Relative abundances of the 10 most abundant glycoforms of the quantitatively
characterized N-glycosylation site N204/560 (CEA1 is plotted in blue, CEA2 in green and CEA3 in orange). Peak
area values were normalized by N-glycosylation site
for all samples (as percentage of all glycoforms peak areas detected
per site). The top 10 most abundant glycoforms of all N-glycosylation sites quantitatively characterized can be found in Supporting Information, Figure S4. Error bars
indicate the standard deviation. H: hexose, N: N-acetylhexosamine,
F: fucose and S: N-acetyl neuraminic acid.Overall, the tryptic digestion allowed the identification
of a
total number of 489 different N-glycopeptides across
the three CEA sample types, corresponding to eight N-glycosylation sites (N197/N553, N204/N560, N375, N580, N650, and N665). Unfortunately, no differentiation could be
made between N-glycopeptides belonging to sites N197 and N553 or N204 and N560, as they presented the same peptide sequences after digestion with
trypsin (LQLSNGN197/553R and TLTLFN204/560VTR, respectively). Some N-glycosylation
sites were expected, but not found in the data (e.g., N152, N208, N246, N480). This may be
caused by glycans shielding the theoretical tryptic cleavage sites,
which resulted in large peptide moieties (aa ≥ 20). Furthermore,
certain peptide sequences carried several potential N-glycosylation sites. Hence, if all of these sites were occupied,
the complexity of the glycopeptide would complicate the detection
and identification of these sites. Interestingly, site N197/553 was represented as two charge variants: LQLSNGNR and its deamidated version; LQLSDGNR, which has not been reported
yet. It is well-known that asparagine (N) can undergo spontaneous
deamidation both in vivo and in vitro and the rate increases under
temperature and pH typical for tryptic digestion.[46] Therefore, this modification could happen as a result of
peptide degradation during sample preparation. However, no other asparagine
degradation was observed for (glyco)peptides in any of the samples.

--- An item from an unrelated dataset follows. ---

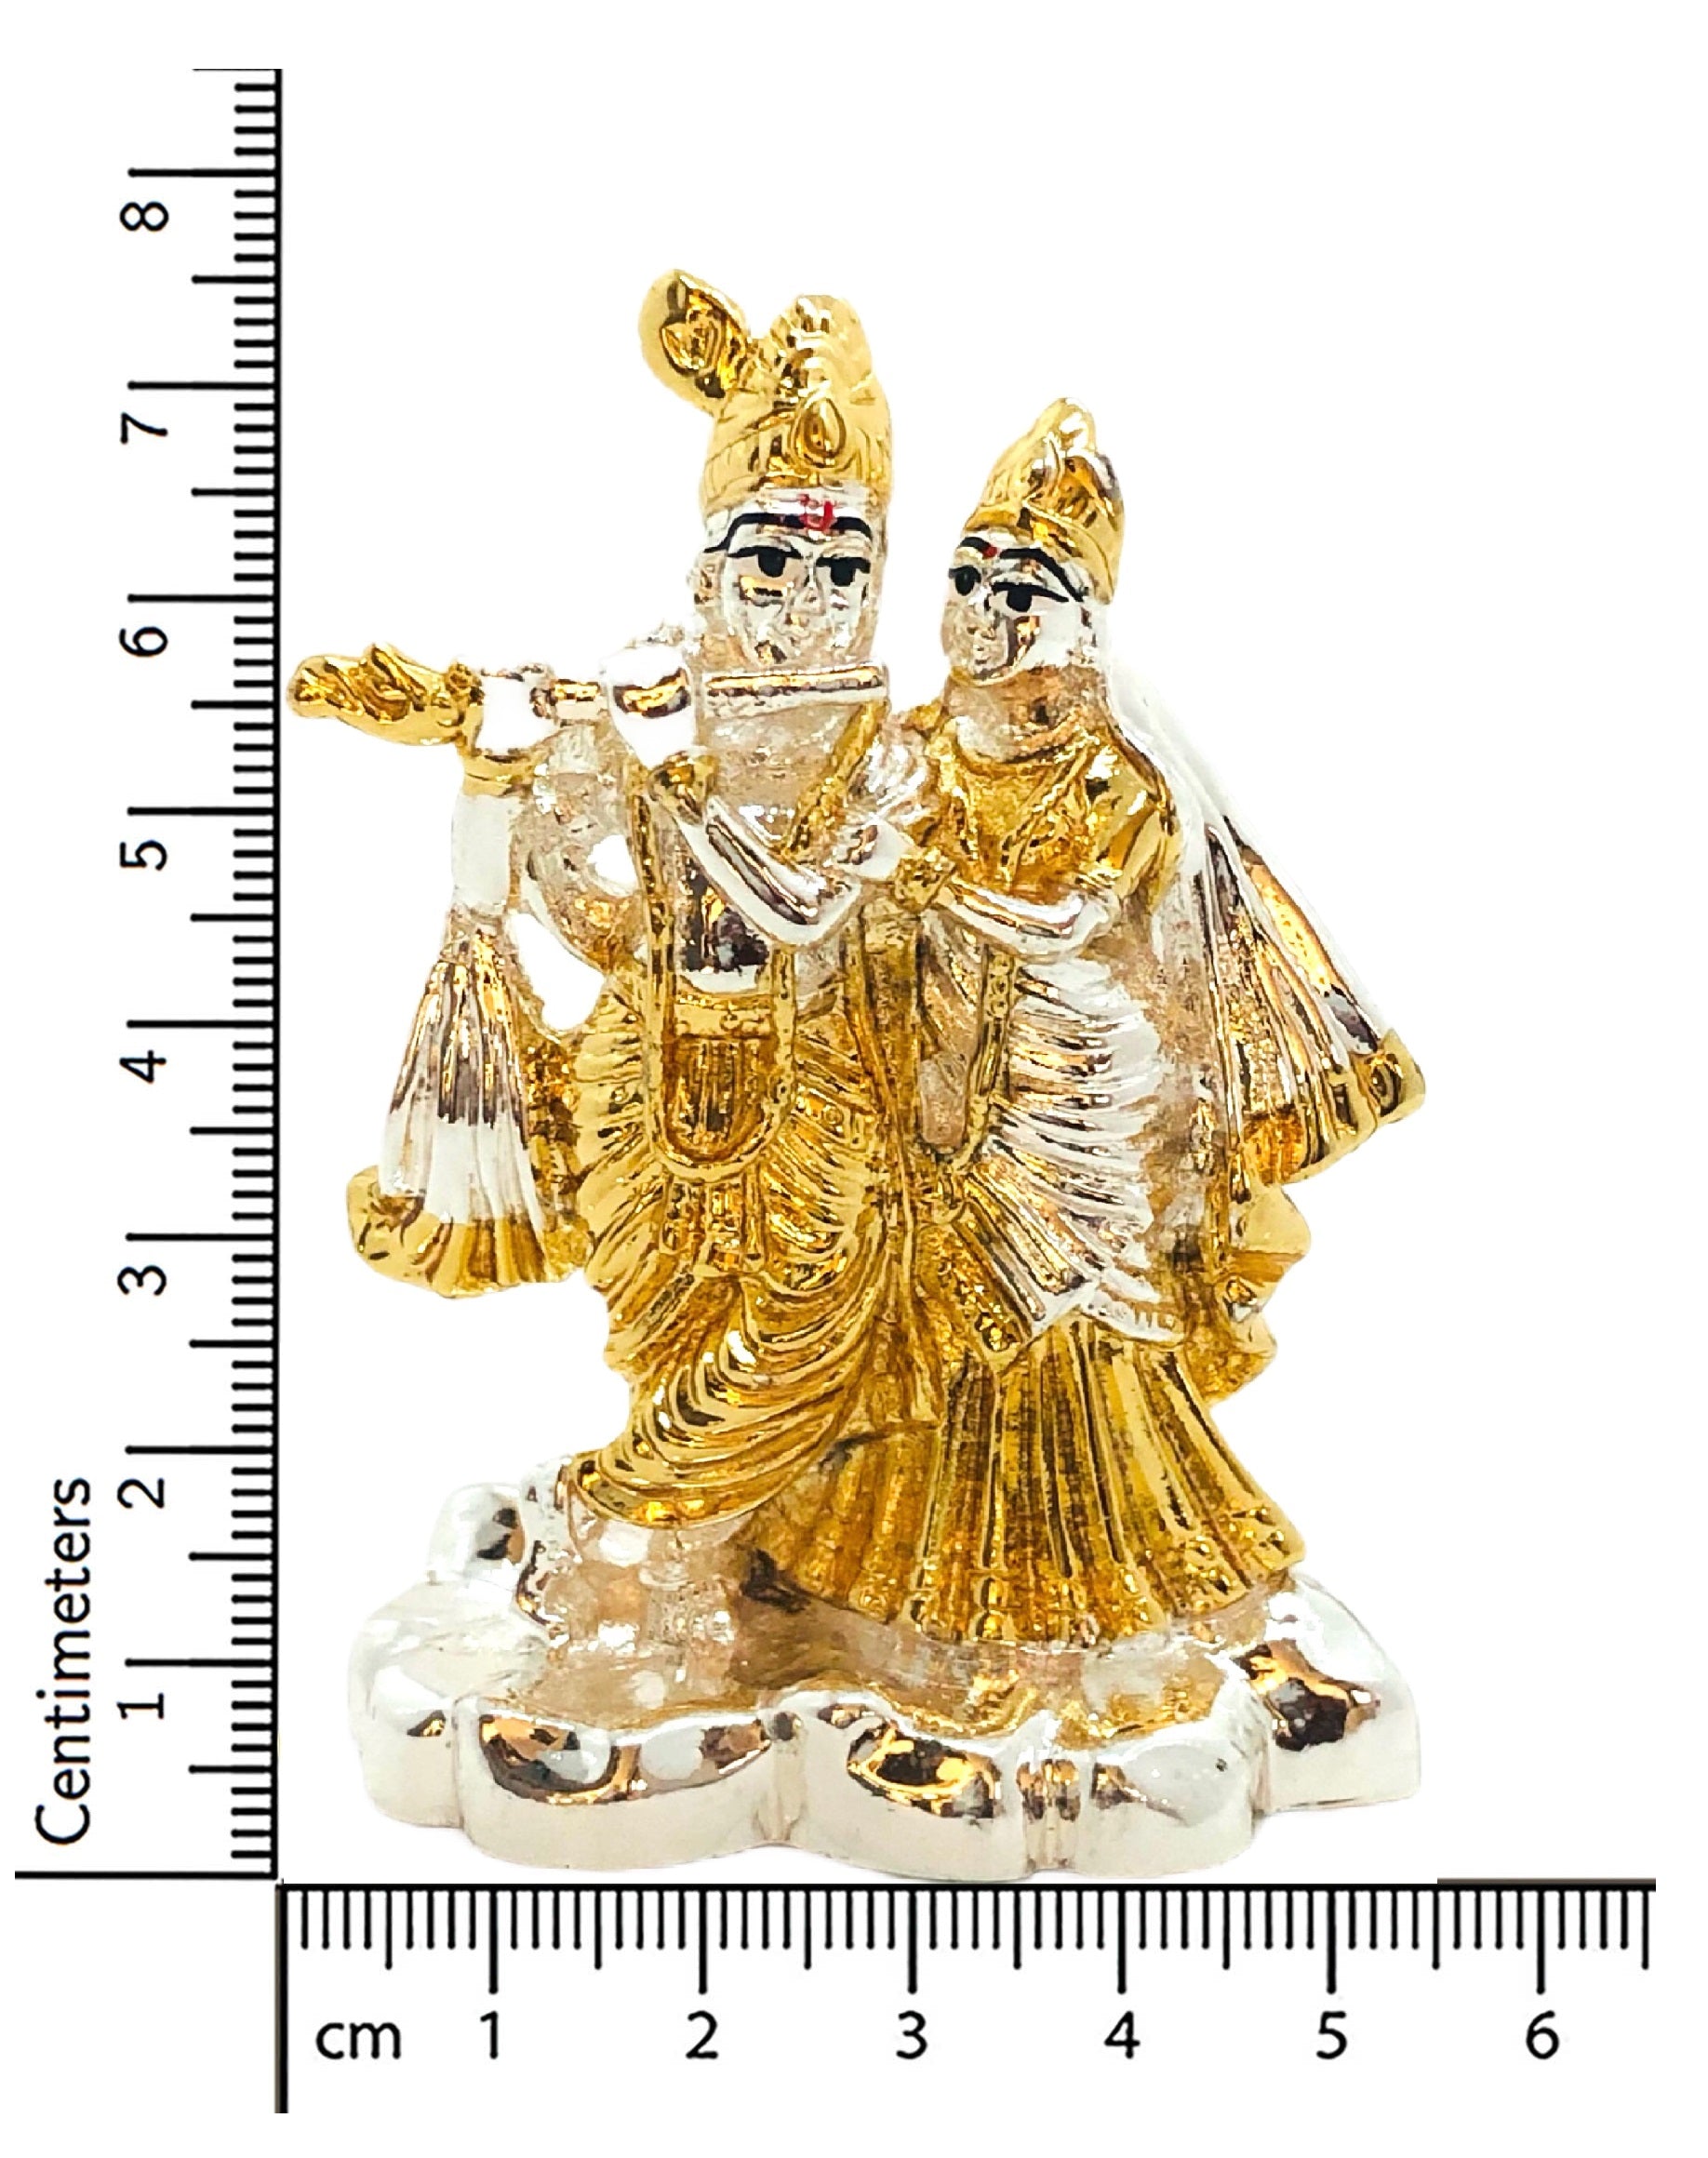 Gold Plated Radha Krishna Idol/Murti for Puja Room, Temple, Meditation, Office, Business & Home Decoration Gift Collection Item

The peak areas and shapes, observed for both charge variants, were
quite similar in value and appearance, and they migrated one after
another as expected. Moreover, the glycan subsets of the charge variants
overlapped significantly, but not fully (Supporting Information, Table S2 and Figure S5). Taking into account that the peptide sequence is shared between
the two N-glycosylation sites, it was possible to
assume that the two peptides originated from different parts of the
protein, but further research is needed to confirm this suggestion.The Glu-C digest resulted in 150 unique N-glycopeptides
and yielded the identification of three additional N-glycosylation sites (N152/N508, N466) compared to the tryptic digest and overlapped in one site (N580). However, two of these sites (N152/N508) could not be reliably quantified due to peptide backbone variability
from the nonspecific Glu-C cleavages (Supporting Information, Table S3). Interestingly, the site that was detected
in both trypsin and Glu-C digests (N580), revealed much less glycoforms in the trypsin data than in the
Glu-C data (albeit fully overlapping). This further points toward
the possible interference of abundant and bulky N-glycan modifications with the performance of certain enzymes, in
line with literature.[43,47]With regard to Pronase,
the digests revealed in total of 254 N-glycopeptides.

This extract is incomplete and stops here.